Dataset excerpt: Begin

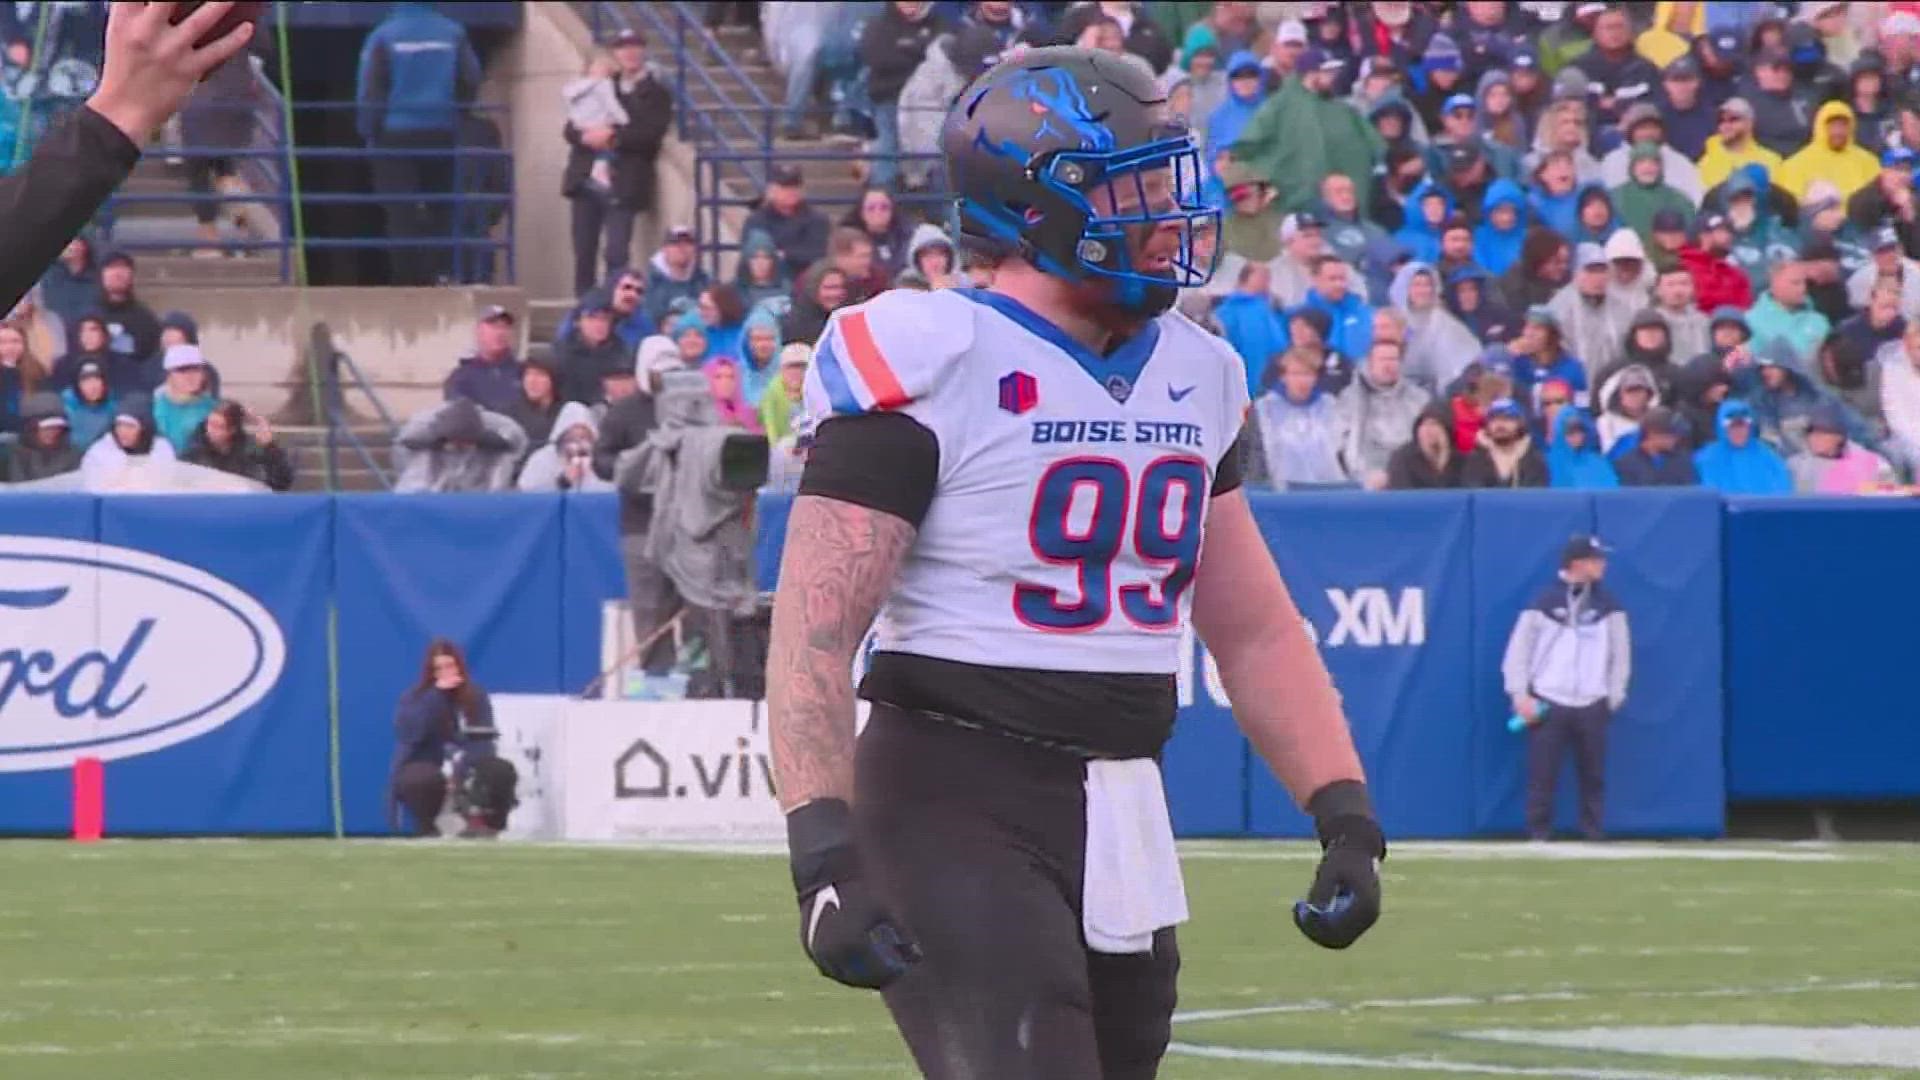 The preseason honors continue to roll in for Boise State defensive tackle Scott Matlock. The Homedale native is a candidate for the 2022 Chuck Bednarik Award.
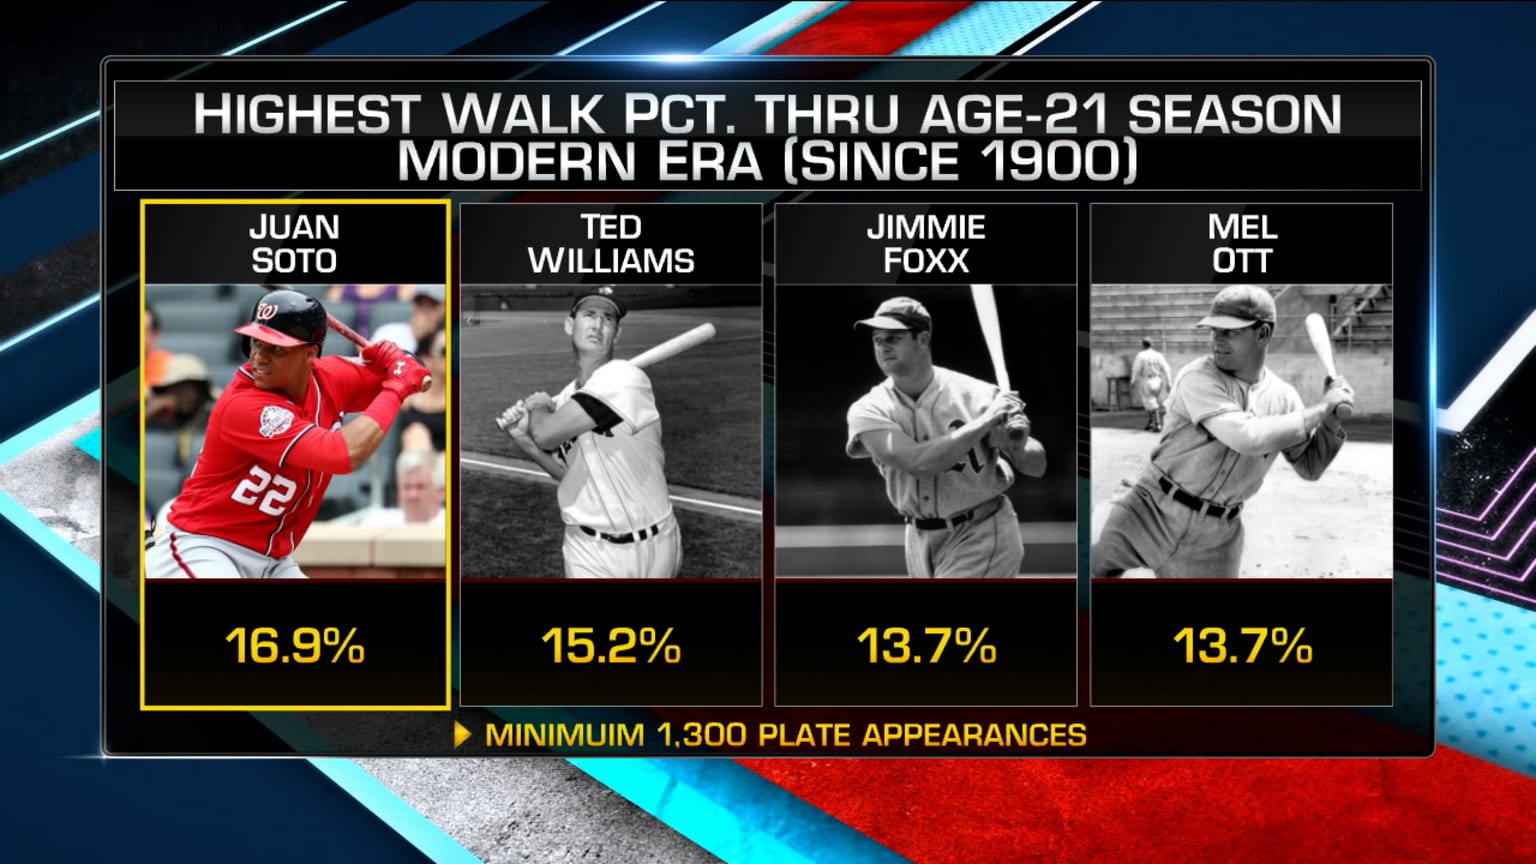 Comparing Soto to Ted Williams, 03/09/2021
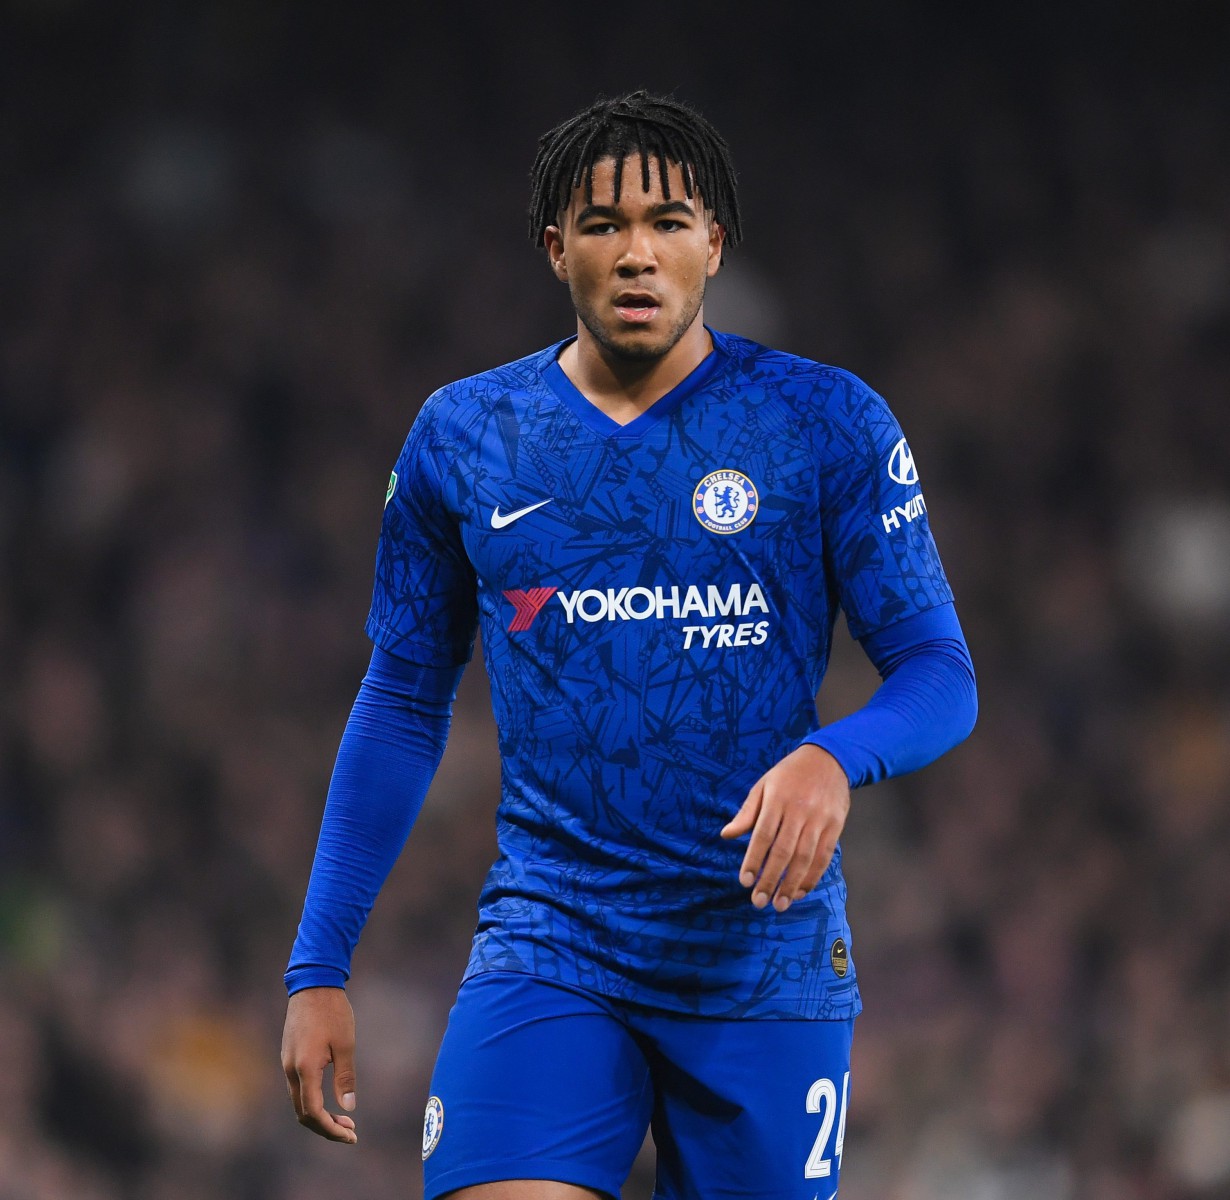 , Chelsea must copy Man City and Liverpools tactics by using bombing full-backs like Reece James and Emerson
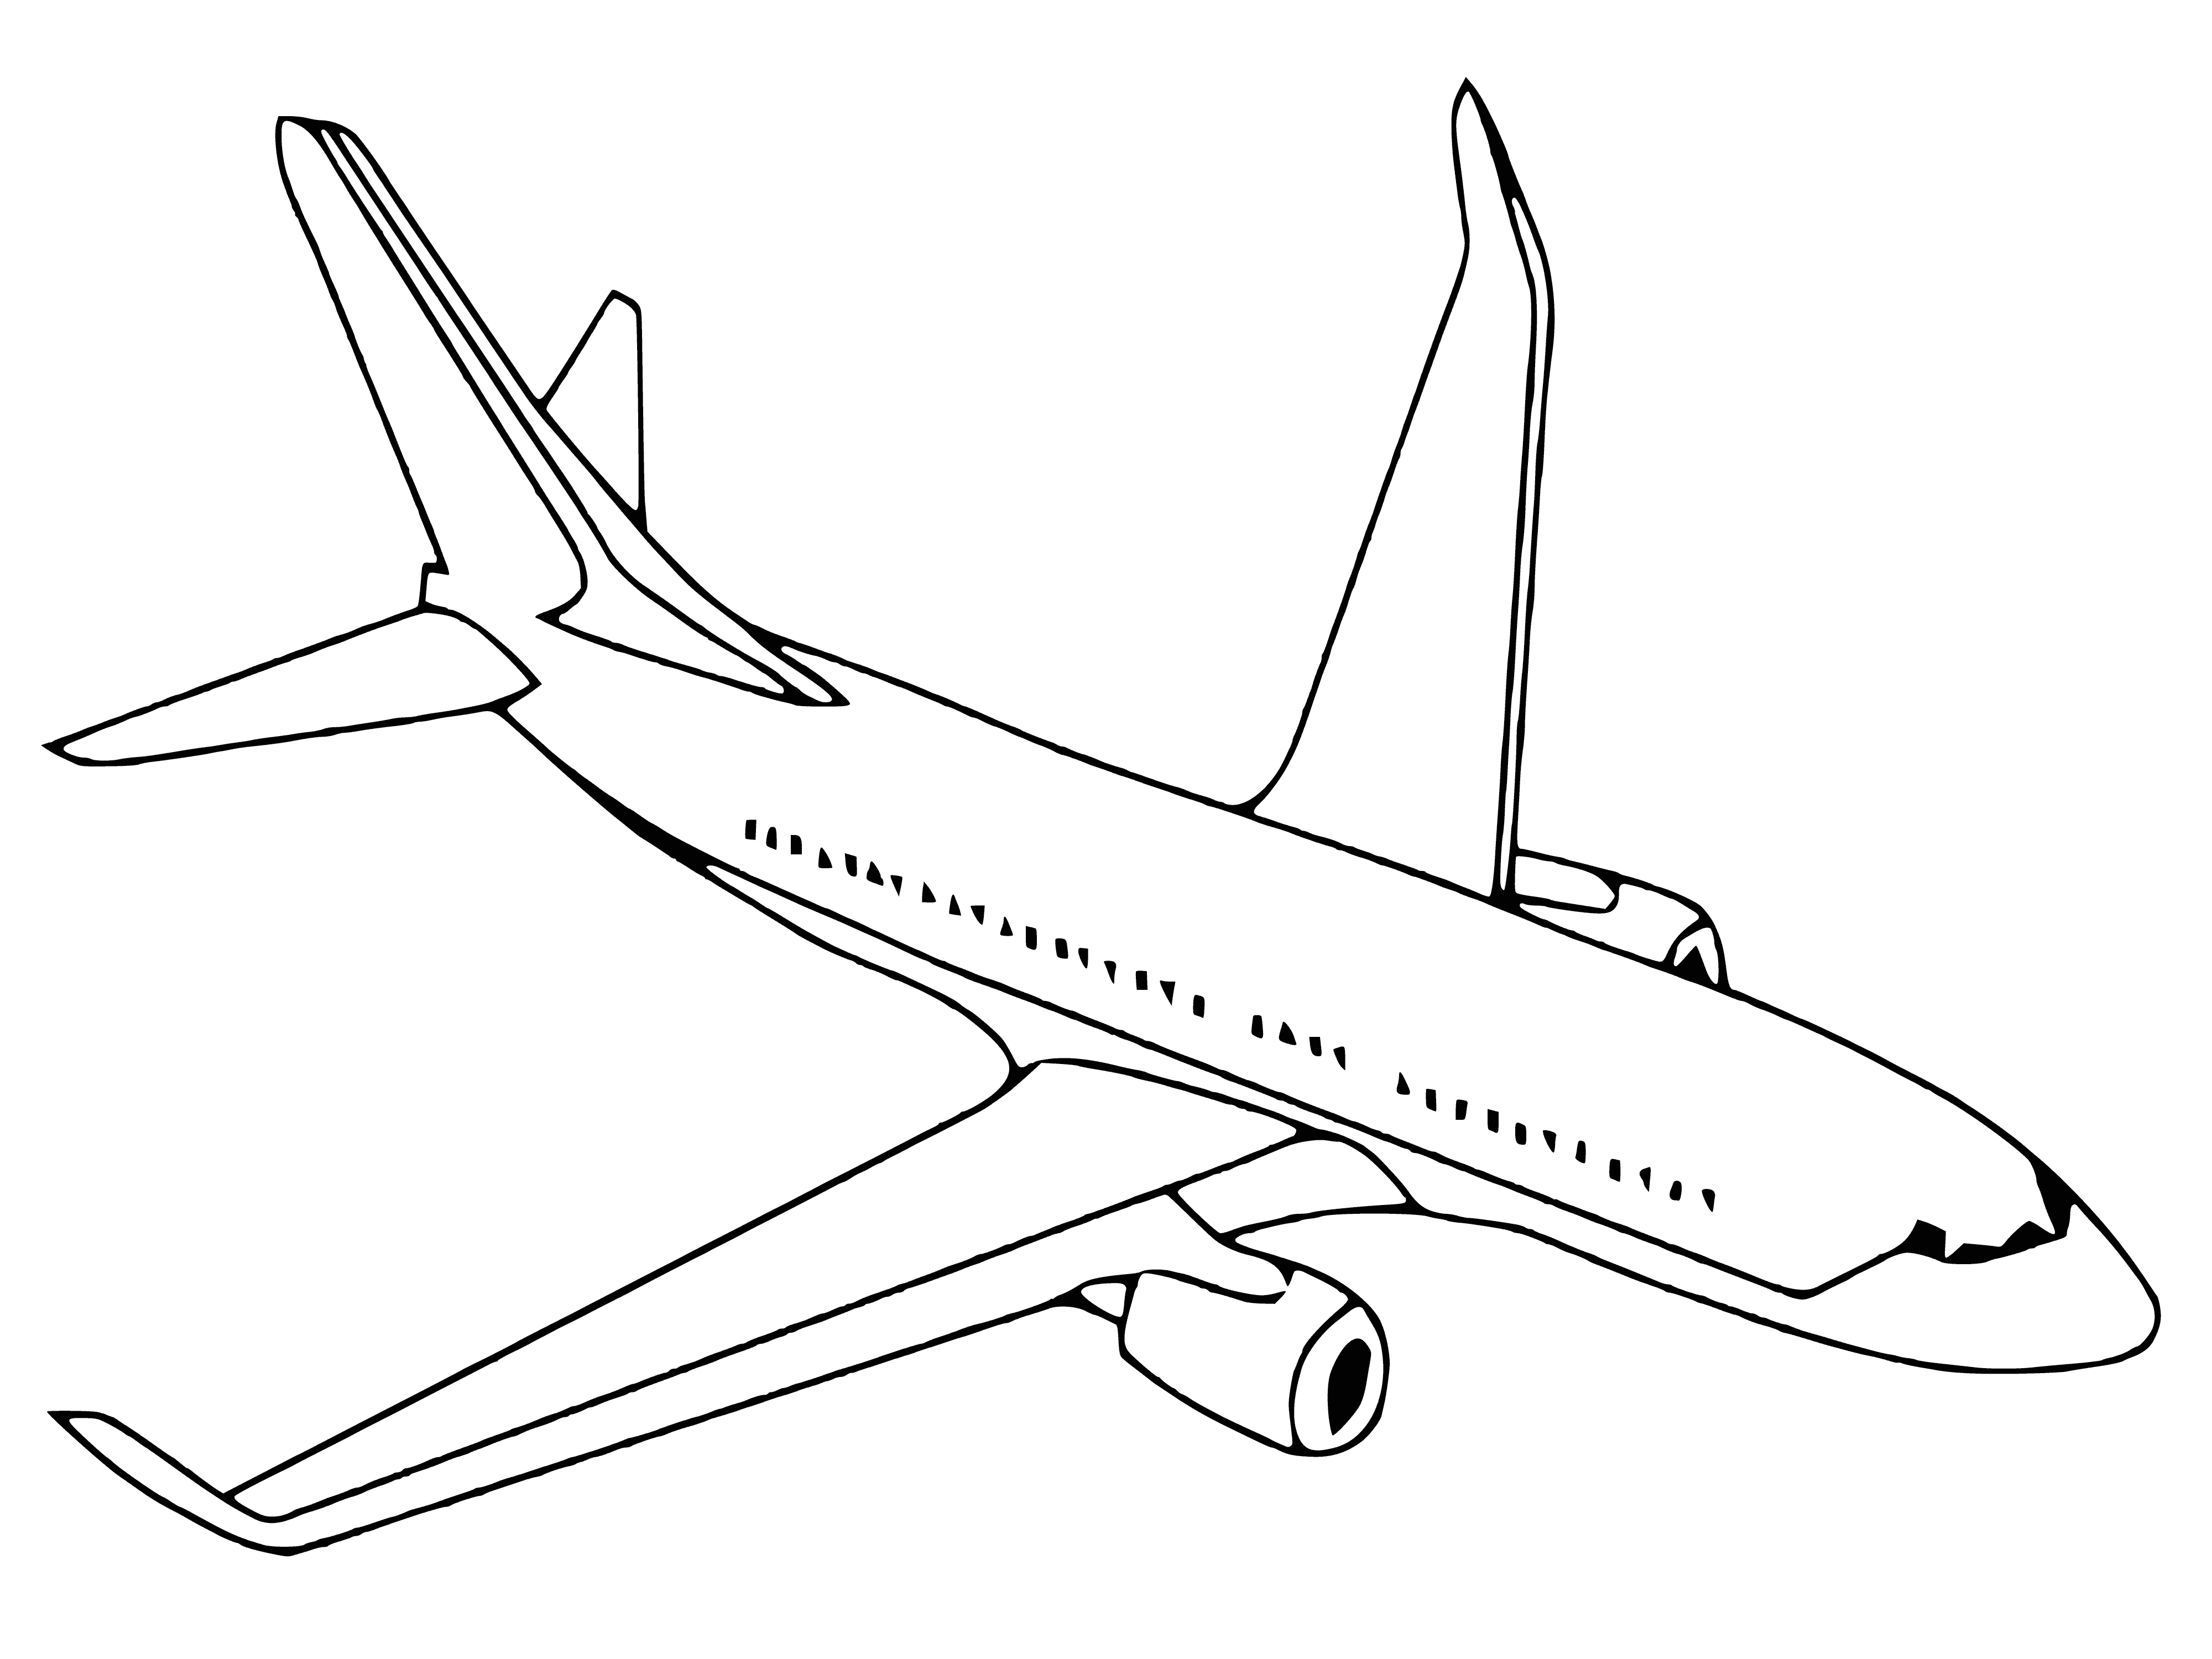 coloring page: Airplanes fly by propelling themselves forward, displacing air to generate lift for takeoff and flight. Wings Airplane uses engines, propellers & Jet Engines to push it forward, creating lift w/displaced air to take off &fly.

Dataset excerpt: End

- [Action item]: Give the data above again exactly. Leave the pictures out.

- [Solution for this exercise]:
 The preseason honors continue to roll in for Boise State defensive tackle Scott Matlock. The Homedale native is a candidate for the 2022 Chuck Bednarik Award.
 Comparing Soto to Ted Williams, 03/09/2021
 , Chelsea must copy Man City and Liverpools tactics by using bombing full-backs like Reece James and Emerson
 coloring page: Airplanes fly by propelling themselves forward, displacing air to generate lift for takeoff and flight. Wings Airplane uses engines, propellers & Jet Engines to push it forward, creating lift w/displaced air to take off &fly.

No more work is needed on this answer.